12. “‘Intellectual property is a real gray area,’ in regard to blatant plagiarism.”

13. “‘If you don’t let my daughter sing ‘O, Holy Night’ for the Christmas show, I’ll withdraw her and my son from this school, and you’ll never again have such talent.’ Her daughter couldn’t sing on pitch, no matter what, and didn’t even try, because she had zero interest in it.”

14. “Spanish class. Parent asked me to exempt her kid from speaking anything in Spanish. Said it made her daughter uncomfortable to say anything in Spanish.”

15. “When talking to a parent regarding behavioral issues the parent said ‘From 8-2, he’s your problem, not mine.'”

16. “Third grader’s parents come in, with a notarized list of demands. 1. Children in my class must be prohibited from bringing in gluten, ever. They said they didn’t want her to feel left out because other kids were eating gluten. No, she didn’t have celiac, it was just the family’s personal choice. 2. I must let their daughter choose who she sits next to each day (the class had a carefully coordinated seating plan.) 3. She be exempt from history class because she was too advanced for our history class but not advanced enough for the accelerated class.”

17. “When I was a swim instructor, this parent was complaining about how her son ‘wasn’t improving’ in the swim lessons. It was true that sometimes I had trouble motivating him but I felt he was doing well.

In the next lesson, I thought the kid was doing well again and improving. I even got him to swim short distances without assistance (he was 5-years-old and he couldn’t touch the bottom). The mother didn’t seem to think so. She said something like, ‘he can’t just keep going back and forth and kicking the whole time…’ You do realize that’s how people swim right?”

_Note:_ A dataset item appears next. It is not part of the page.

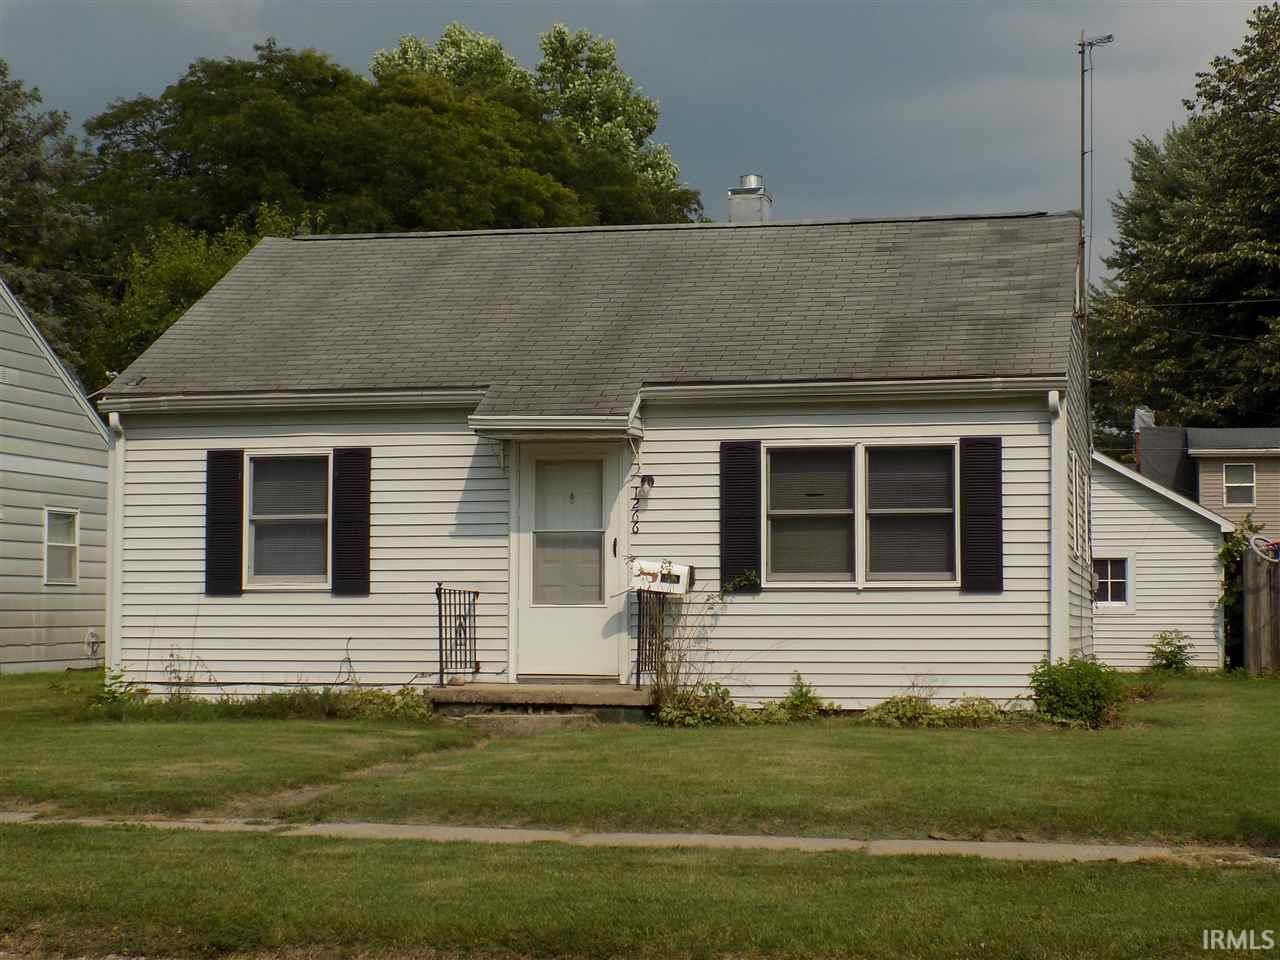 1266 N Main Elkhart, IN 46514
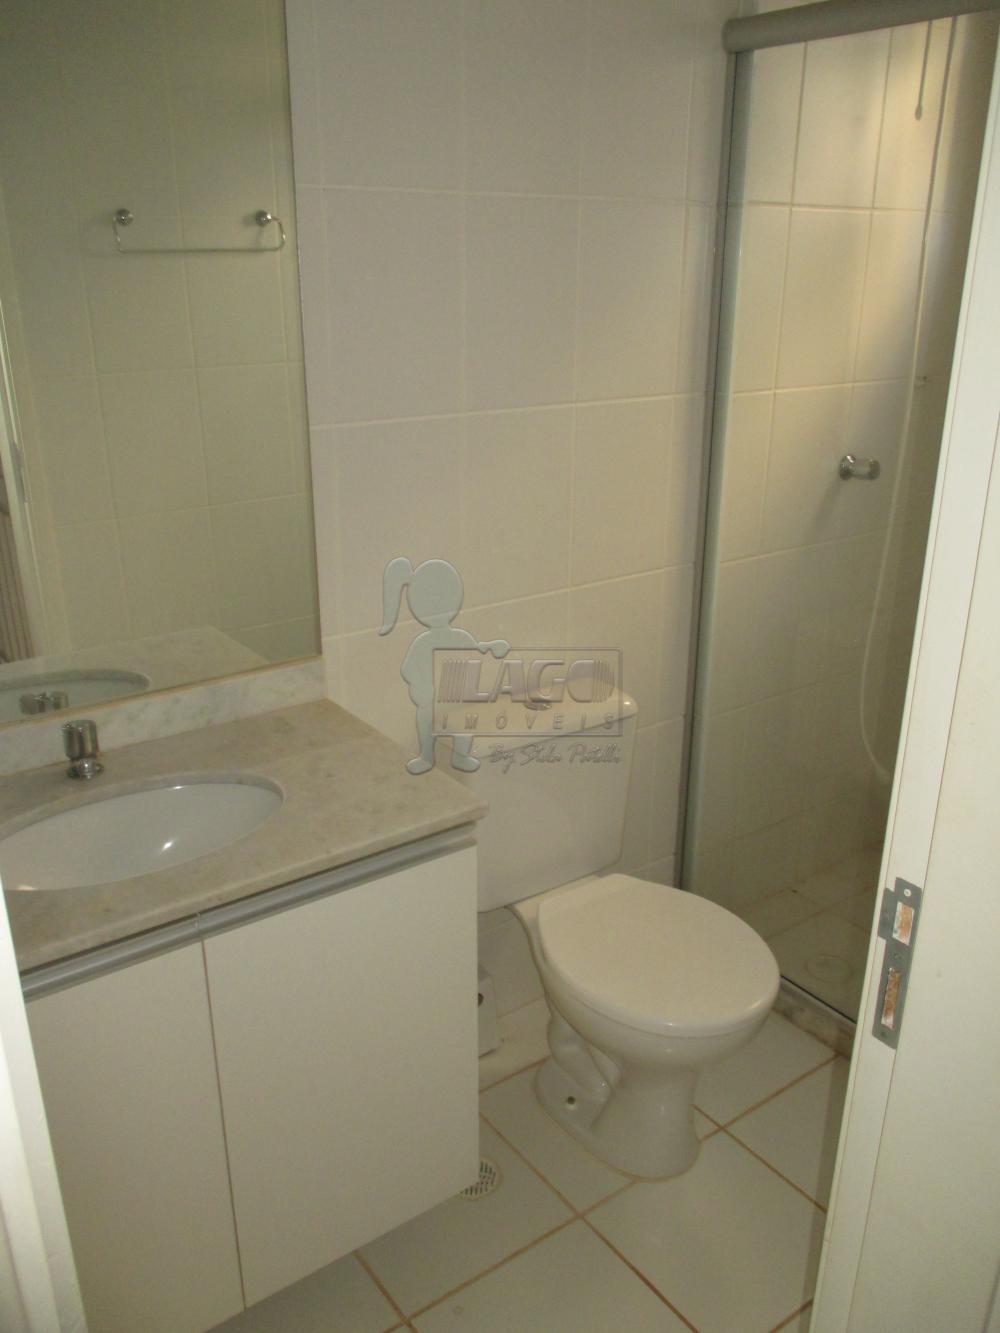 Alugar Casas / Condomínio em Ribeirão Preto apenas R$ 1.750,00 - Foto 6

18. “‘Yes, my child is misbehaving, throwing chairs, hitting other kids etc. but you took his paper airplane in second grade and scrunched it up, so this is really your own doing. I think the best thing to do is for you to help him make a new paper airplane and apologize. Then I’m sure he’ll behave.’ The kid was in sixth grade at this point.”

19. “When I was student teaching a parent emailed saying to give his child a C. No reason. Just…’give her a C.’ She was getting an F and I couldn’t believe the insanity of just saying what boiled down to ‘C, now.'”

20. “‘Caitlyn doesn’t feel like writing. She’ll just say the answers to the work out-loud from now on.'”

21. “I was in an IEP meeting. When the counselor asked the student what his post-high schools plans were, he proudly stated that he was interested in studying animal science. His mother angrily swung her head at him and said, ‘Animal science?! Oh hell no, what about our plans for the NFL?!’ The student got embarrassed and said, ‘Well, I need a back up plan, Mom…’ and she said, ‘Not when you’re as great of a player as you!’ The student was mediocre at best at football.”

22. “I was told last year that the ‘obvious reason’ I work in special education is because I ‘can’t get a job teaching normal children.'”

23. “During a conference, the paperwork from his pediatrician mentioned a possible autism diagnosis. The mom said ‘I don’t know what it is and I don’t ever want to know. I don’t Google anything medical ever.’ In the same conference, she mentioned that one of the men who could be his father has ‘something called Asperger’s.'”

24. “Little boy punched a girl in the face and broke her nose. The dad comes to a meeting with the teacher and principal and high fives his son for doing it.”